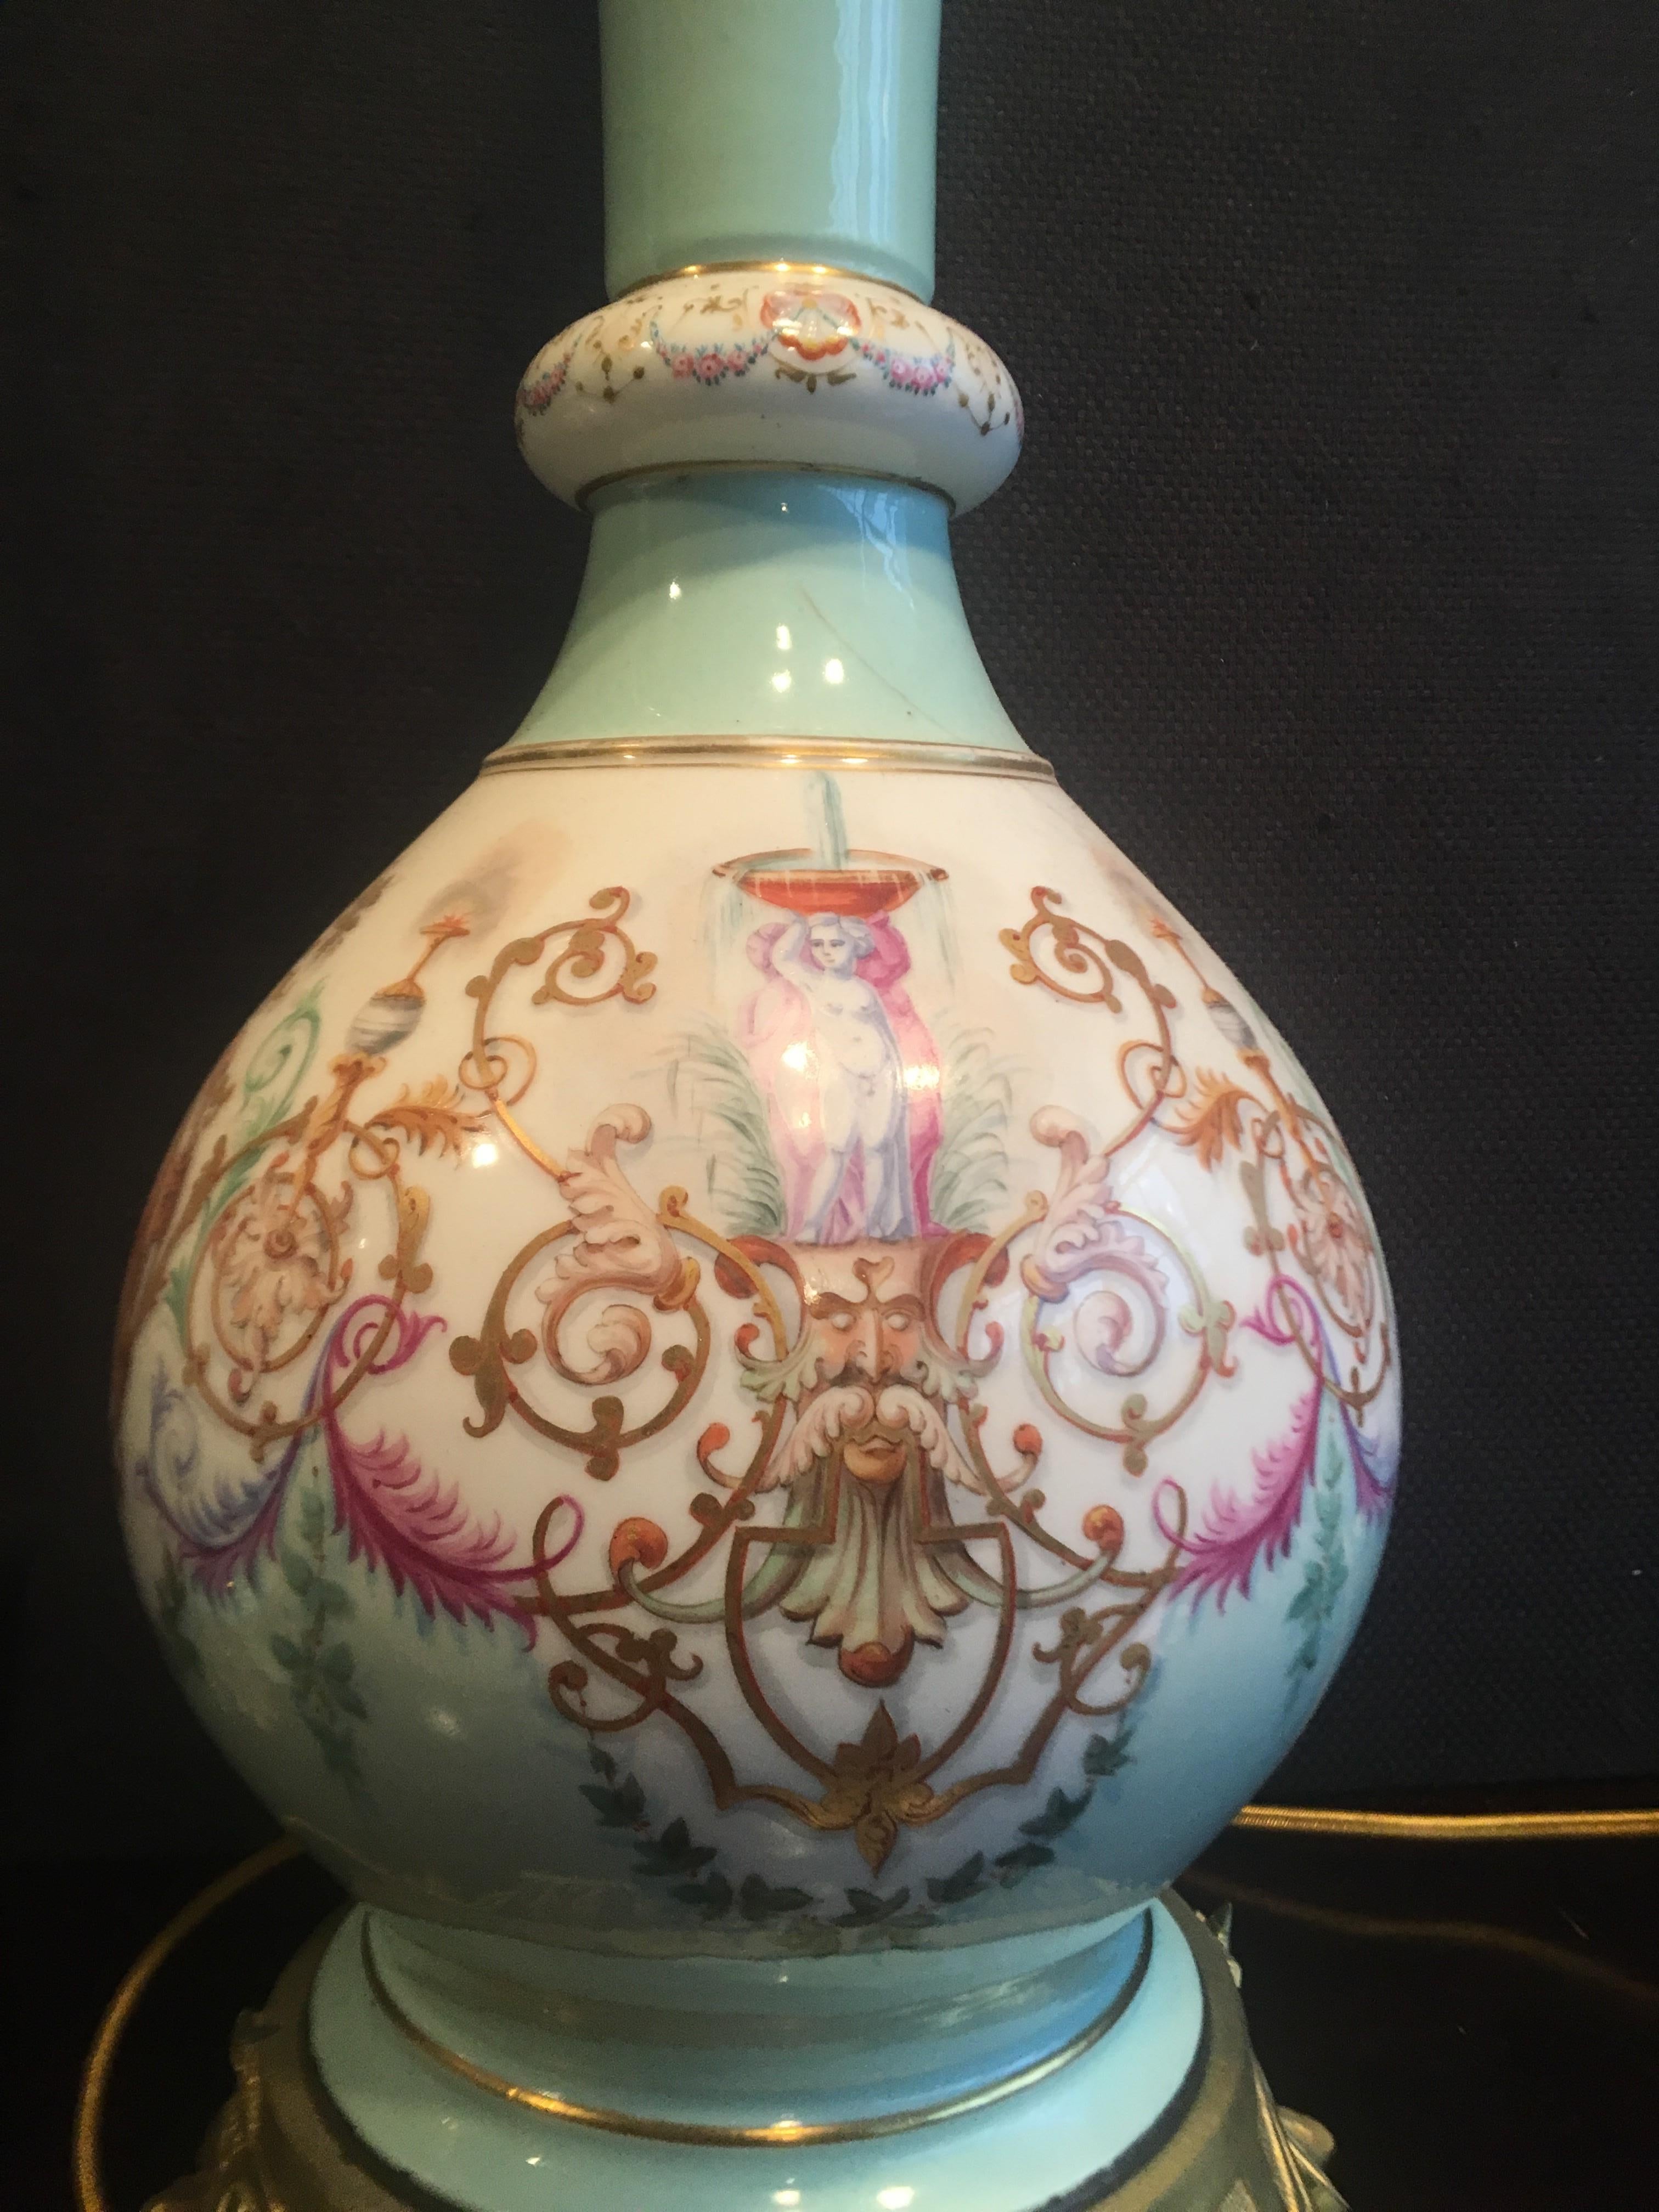 Paire de vases en porcelaine néoclassique du XIXe siècle avec montures en bronze doré transformés en lampes, décorés de motifs classiques peints à la main à la manière de la porcelaine de Sèvres. France, vers 1880.
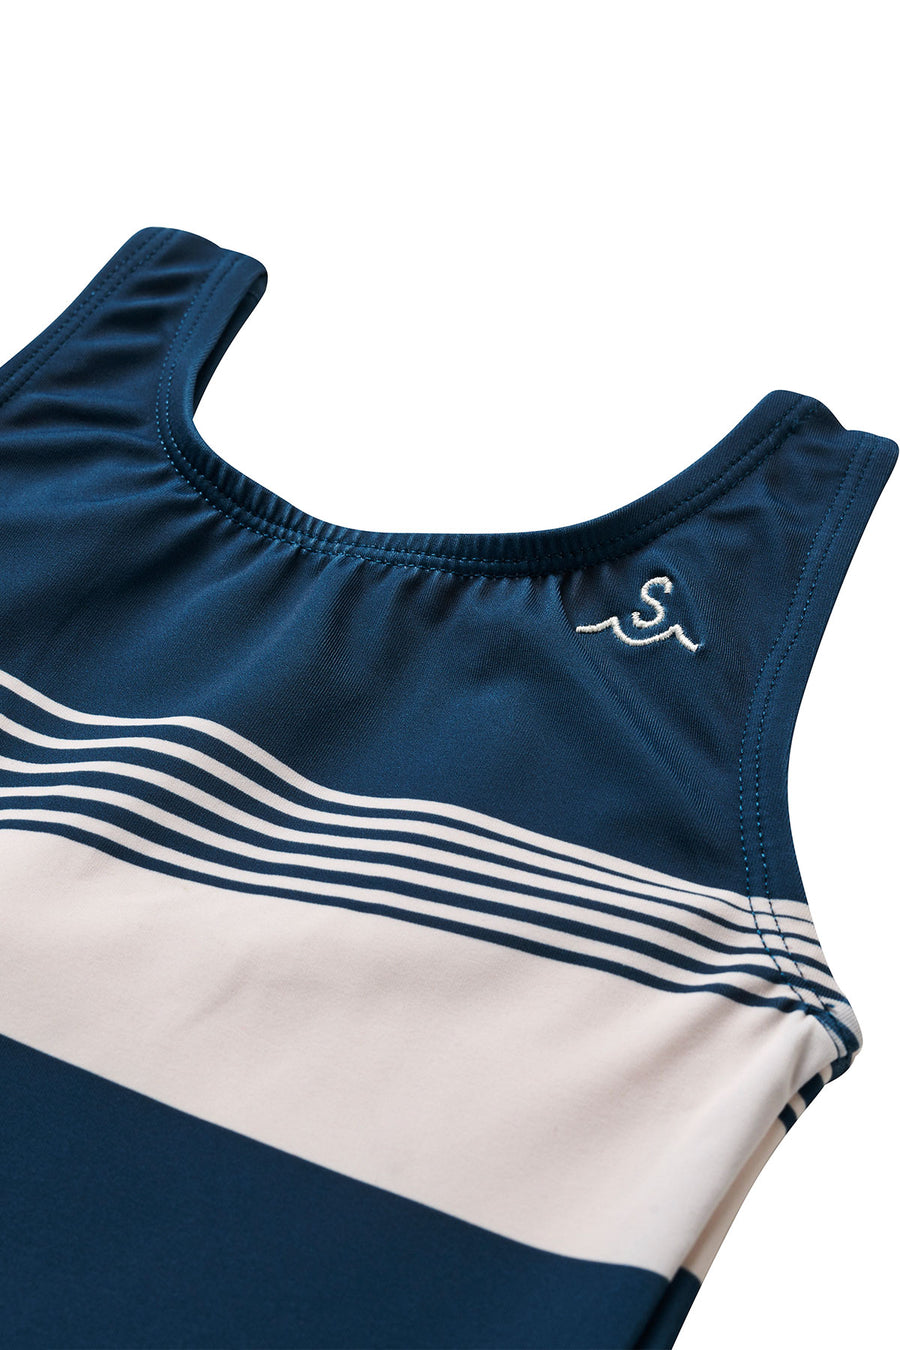 Seaesta Surf x Leah Bradley / Zippy Stripe Swimsuit
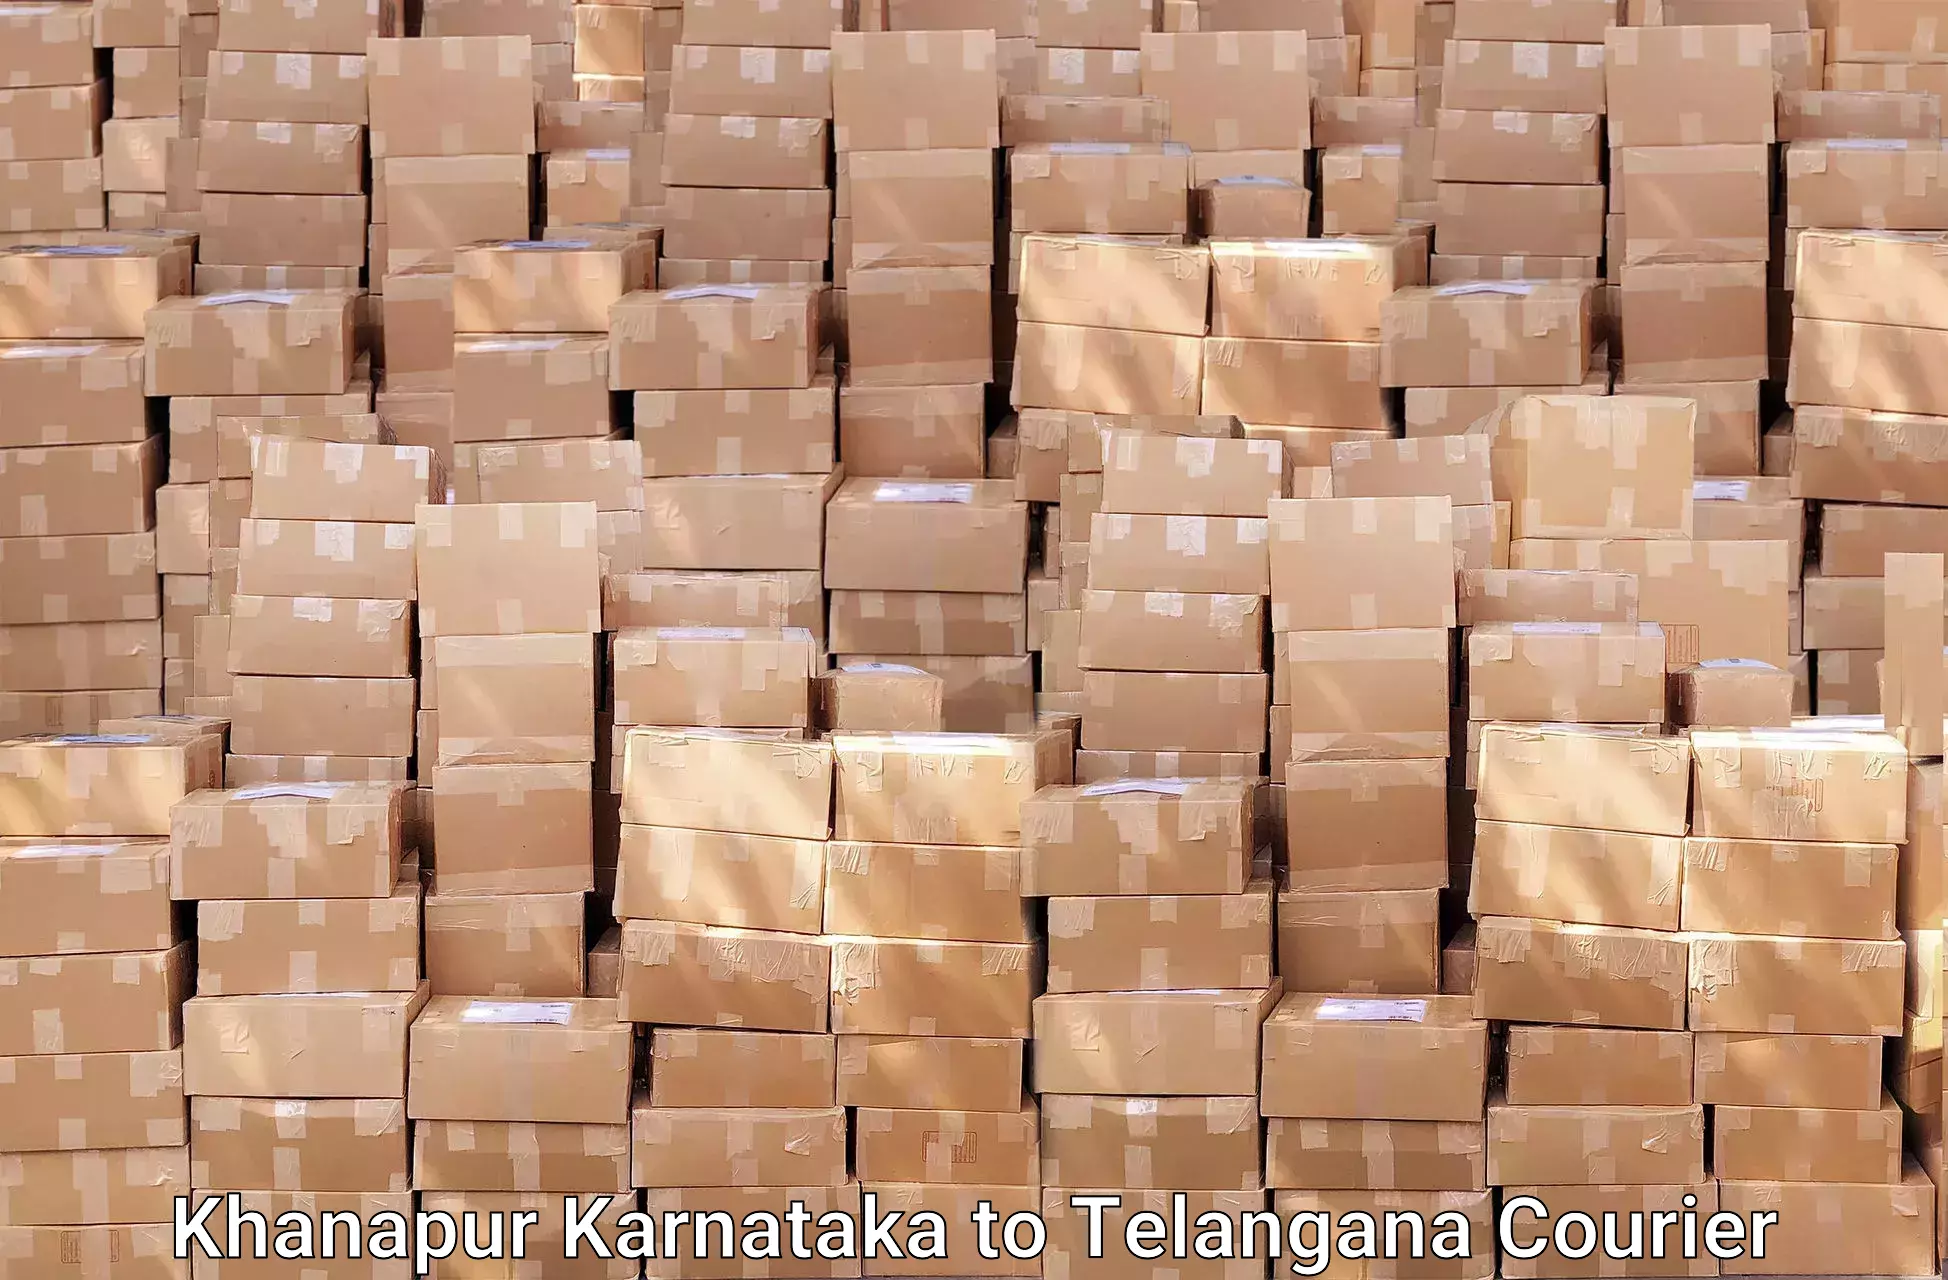 Packing and moving services Khanapur Karnataka to Nalgonda
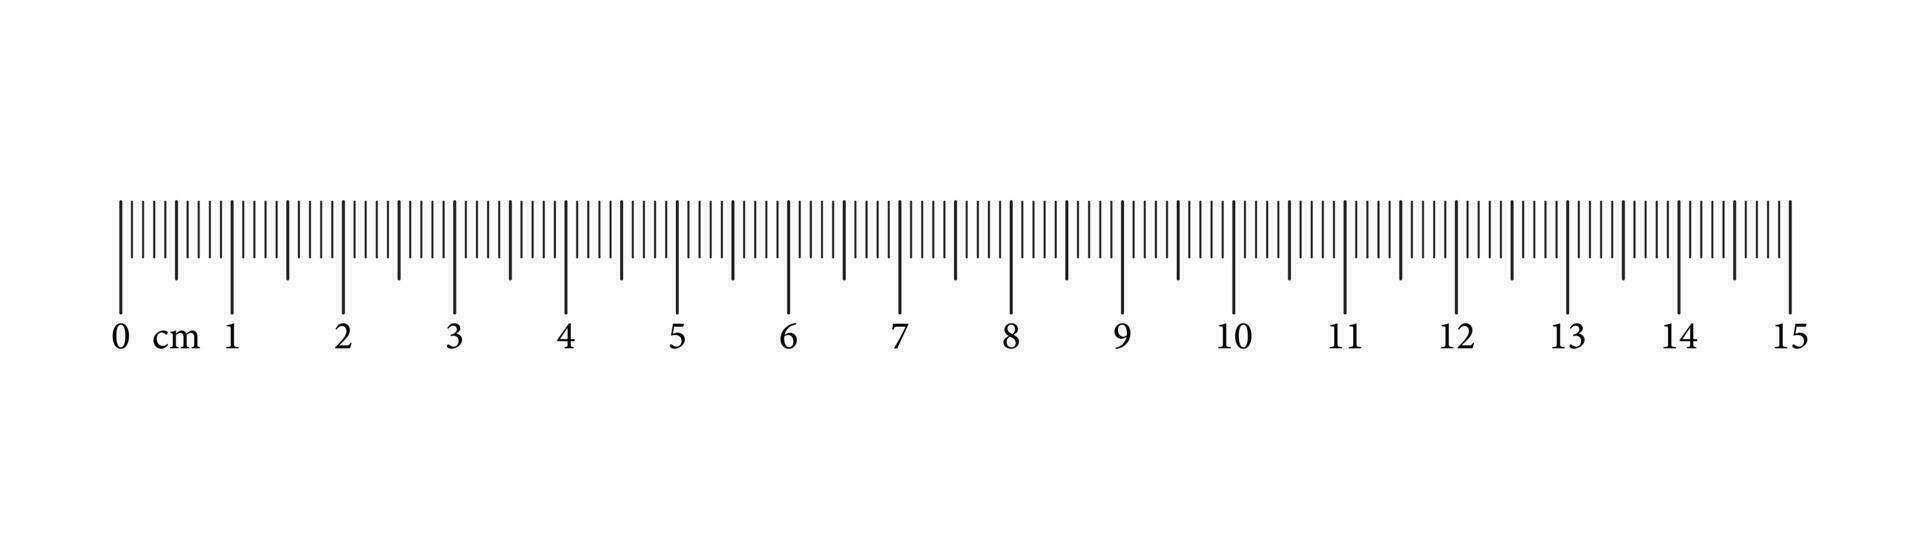 mätning Diagram med 15 centimeter. linjal skala med tal. längd mått matematik, distans, höjd, sömnad verktyg. grafisk vektor illustration.

What the task requires
Starting at the line that holds "Seaesta Surf x" and ending at the last line of the material above, repeat each line exactly, both ends included, and leave the pictures out.

Task output
 Seaesta Surf x Leah Bradley / Zippy Stripe Swimsuit
 Packing and moving services Khanapur Karnataka to Nalgonda
 mätning Diagram med 15 centimeter. linjal skala med tal. längd mått matematik, distans, höjd, sömnad verktyg. grafisk vektor illustration.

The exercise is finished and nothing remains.